- Release Date
- 31 December, 1999
- Single Player
- Whoopee Camp
- Sony Computer Entertainment
The PlayStation Store recently saw the re-release of PS1 classics, Tomba and Tomba 2 (better known as Tombi in Europe). I was absolutely thrilled as Tomba 2: The Evil Swine Return was one of my childhood favorites. Unfortunately, the games were only available in Japanese and, try as I might, I couldn’t get through all of the challenges without being fluent. Off I trudged to Amazon to see how much an English copy was and found nothing cheaper than at least fifty dollars – cripes. In a final act of desperation, I dug through my old case of games and voila! There was my pink haired beauty, ready to go!
Loaded, booted and off we went!
Now, some games just do not age well. Even nostalgia cannot always blind players to the awful polygons writhing before them or the finicky controls most of us have long since tried to repress in our memories. Tomba 2, however, is not on that list.
The game still looks fairly crisp and colorful, with its 2.5D worlds all still feeling well-crafted, vibrant and impressive. They still have a presentation about them that brought a smile or two. The only downside is that they are far too small. Even so, they are packed quite nicely with gems, secrets and items that will come into play in quests to come without feeling crowded or unnecessary.

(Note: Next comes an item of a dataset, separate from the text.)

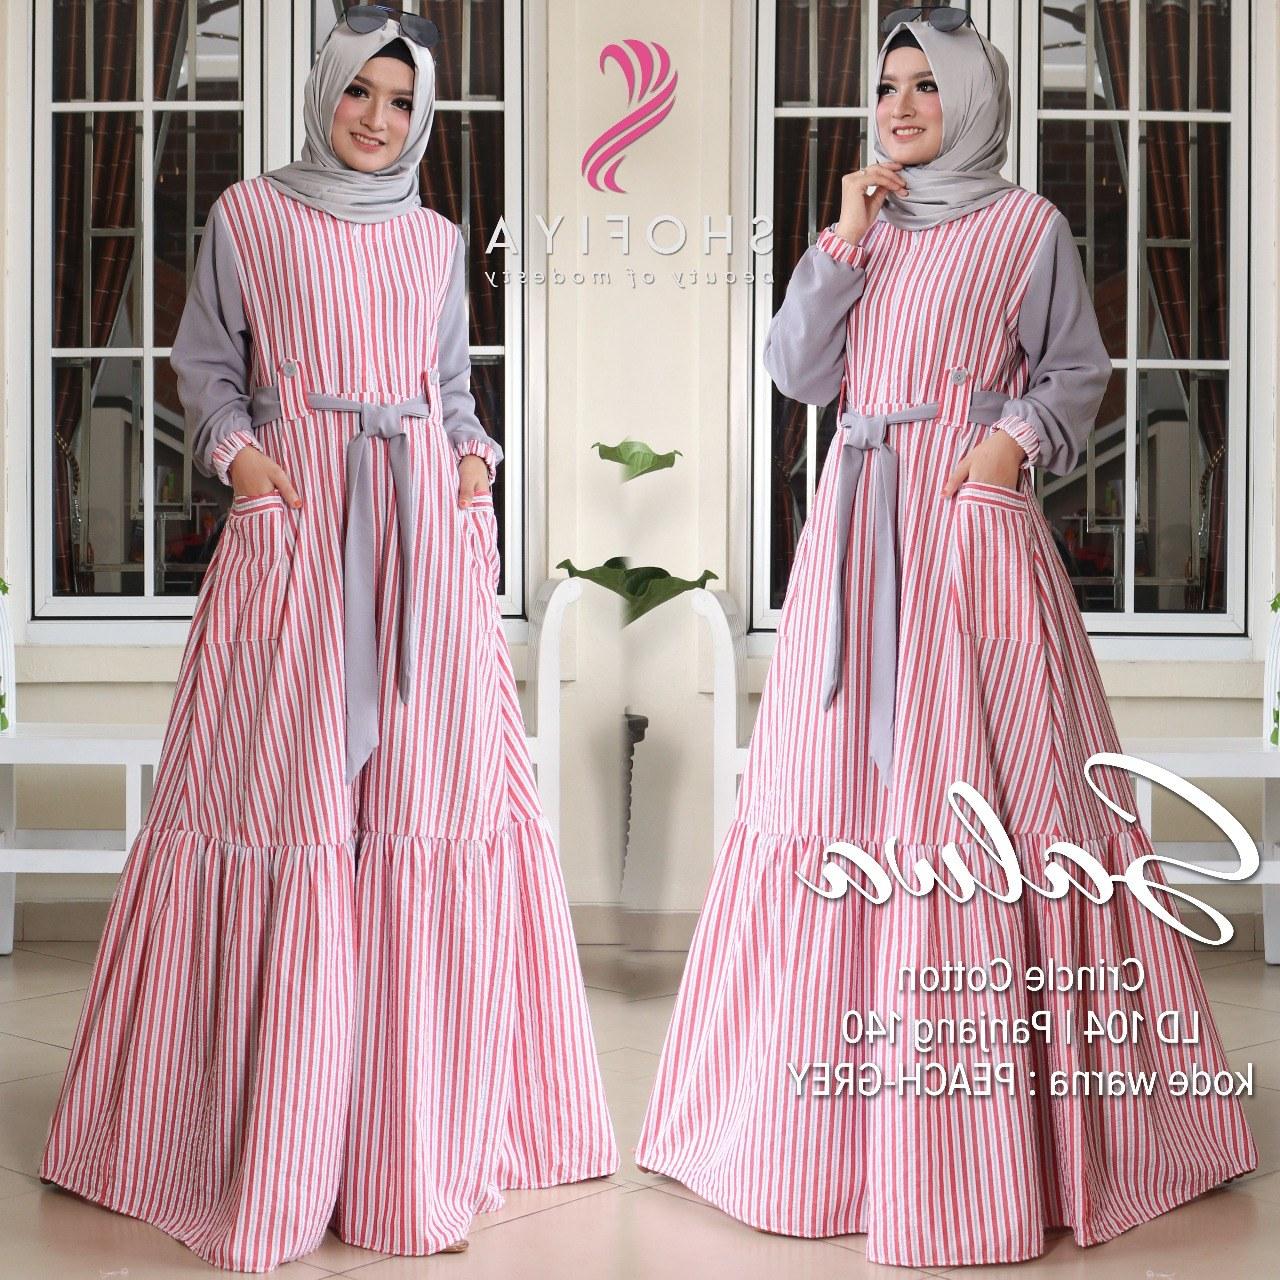 Design Model Baju Lebaran Terbaru Bqdd Model Baju Gamis Terbaru Lebaran Gambar islami

That’s one thing I always really loved about Tomba 2: the puzzles and problem-solving elements. While they don’t seem all that difficult now, my child brain was completely blown working out how to solve each and every one. It’s one of the only games I’ve ever played that made back-tracking fun. Normally, this is something that can hinder or even ruin the experience, but it still holds strong as a gameplay element here.
Speaking of, the controls are still pretty impressive. Tomba controls well, though the hit detection is sometimes a little too precise. The Kujara Ranch, the third world in the game, features a mini-game in which Tomba must toss the Kujara into washing machines before the time limit runs out. Sounds simple enough, right? Ha ha, nope. The hit detection has to be just spot on, otherwise the oversized cheeps will hit the wall and bounce off – not to mention you have to jump just right to catch them, or they’ll briefly stun you and you’ll lose precious seconds. There’s ten levels to this game; ten levels of increasing difficulty and madness. It was one of two quests in Tomba 2 that actually took me years to beat with my awful hand-eye coordination.
On this day, I shake my fist at thee, Tomba. Ten years you’ve mocked me with your impossible trolley quest and Kujara washing. Now, I emerge the victor, with only a touch of shame!
Ahem, continuing on. The story here is pretty standard of an early platformer: evil pigs kidnap Tomba’s friend and have put a curse on the various worlds. In order to beat the game, Tomba must fight each one of the evil pigs to break the curse and find Tabby. It’s not exactly the most stellar plot, but with all the fun mixed in, I honestly couldn’t care less. The boss battles alone make up for the lackluster plot and vary in arena and difficulty. While the evil pigs aren’t exactly bursting in complexity and rich back story (really, who is in this game?), they do make for some engaging and fun antagonists, especially as things go batshit insane near the end of the game.
And oh, that voice acting. Dear Poseidon in the sea, it is some of the most hilariously mismatched and goofy voice acting I’ve ever heard. Japanese games aren’t the luckiest when it comes to getting American voice actors to translate and stand in, but the game had me in tears of laughter and unadulterated mirth within the first level. It’s the little things that keep you going.
In short, Tomba 2 is still a great game. It stacks up pretty well against other PS1 classics, and everything still feels lovingly crafted and solid from most angles. While it does feel a bit shorter and sillier now, I still have fond memories and I am glad to know those memories aren’t just blinded in nostalgia.
If you’ve never played, give it a shot if the chance ever arrives (or your Japanese is pretty good).